AUD/USD: AUD/USD Struggles for Breakout Above 0.6700, Fueled by Solid Trade Balance Data:
- The AUD/USD pair is experiencing upward momentum, supported by a strong US jobs report and a surprise rate hike by the RBA.
- The RBA’s hawkish outlook and upbeat Australian Trade Balance data are further supporting the AUD/USD pair, despite concerns over the US banking sector and debt ceiling expiry.
- The release of hawkish RBA minutes indicating the possibility of more rate hikes if inflation remains high has helped the AUD/USD pair climb above significant resistance levels.
- Despite the US Federal Reserve’s recent rate hike, the AUD/USD pair remains bullish due to broad-based dollar weakness and the RBA’s surprising actions.
- Gold price has been struggling to find direction due to multiple factors, including hawkish Fed bets, downbeat China PMIs, and holidays in multiple markets.
- The appeal for the US Dollar Index is improving ahead of the interest rate decision by the Federal Reserve, causing downward pressure on gold price.
- Traders have been increasing their open interest positions for gold futures markets, indicating bullish sentiment among them.
- Gold price has been highly volatile recently due to a combination of factors such as the Federal Reserve’s policy decisions, fears of banking crises, and economic data releases.
- Silver price has been fluctuating within a wide range, impacted by a combination of factors such as news of JPMorgan Chase’s takeover of First Republic Bank, policy decisions by the US Federal Reserve, and changes in US Treasury bond yields.

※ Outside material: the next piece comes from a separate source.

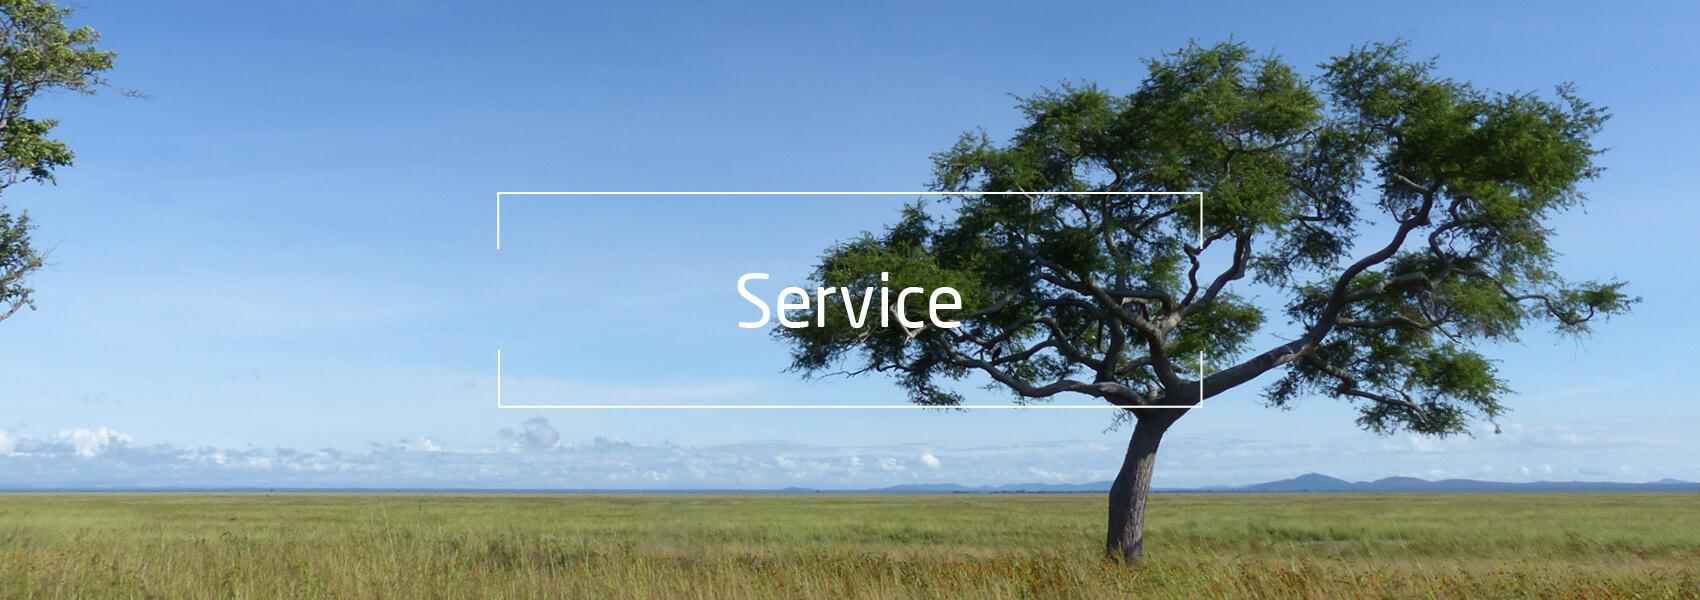 Landschaft Tansania, Text: Service

- Silver has been struggling to make it through the 100-period Simple Moving Average (SMA), warranting some caution for bullish traders and before positioning for an extension of the recent bounce from the $24.50-$24.40 horizontal support.
- Technical indicators on the daily chart maintain their bullish bias and have been gaining positive traction on hourly charts, supporting prospects for some intraday appreciating move back towards the $25.50 supply zone.
- Silver options market signals remain bearish for May, after a downbeat April, but the daily RR prints the strongest bullish level of 0.1000 in three weeks, indicating some optimism.
- Crude oil prices have been struggling due to concerns about rising borrowing costs and weaker Chinese manufacturing data, undermining the commodity-linked Loonie and supporting the USD/CAD pair.
- WTI crude oil faces selling pressure due to the USD’s broad run-up, market fears of banking fallouts, and hawkish central bank actions.
- WTI crude oil retreats from its two-week-old falling trend line and the 50-SMA, while the steady RSI (14) line adds to the downside bias.
- USD/CAD is affected by the slump in WTI crude oil prices, Canada’s main export, and the risk-off mood, but a decline in crude oil inventories reported by the American Petroleum Institute eases the bearish pressure.
Watch Out This Week
- Today, on 8th may, the UK is celebrating Bank holiday for the coronation of King Charles III.
- On 10th May, the US CPI report will come out. A figure that is higher than anticipated should be viewed as positive (bullish) for the USD, while a figure that is lower than anticipated should be viewed as unfavorable (bearish).
- On 11th May, the GBP Balance of Trade report will significantly impact British bond and stock markets. A higher-than-expected figure should be positive (Bullish) for the GBP while a lower-than-expected figure should be seen as negative (bearish) for the GBP.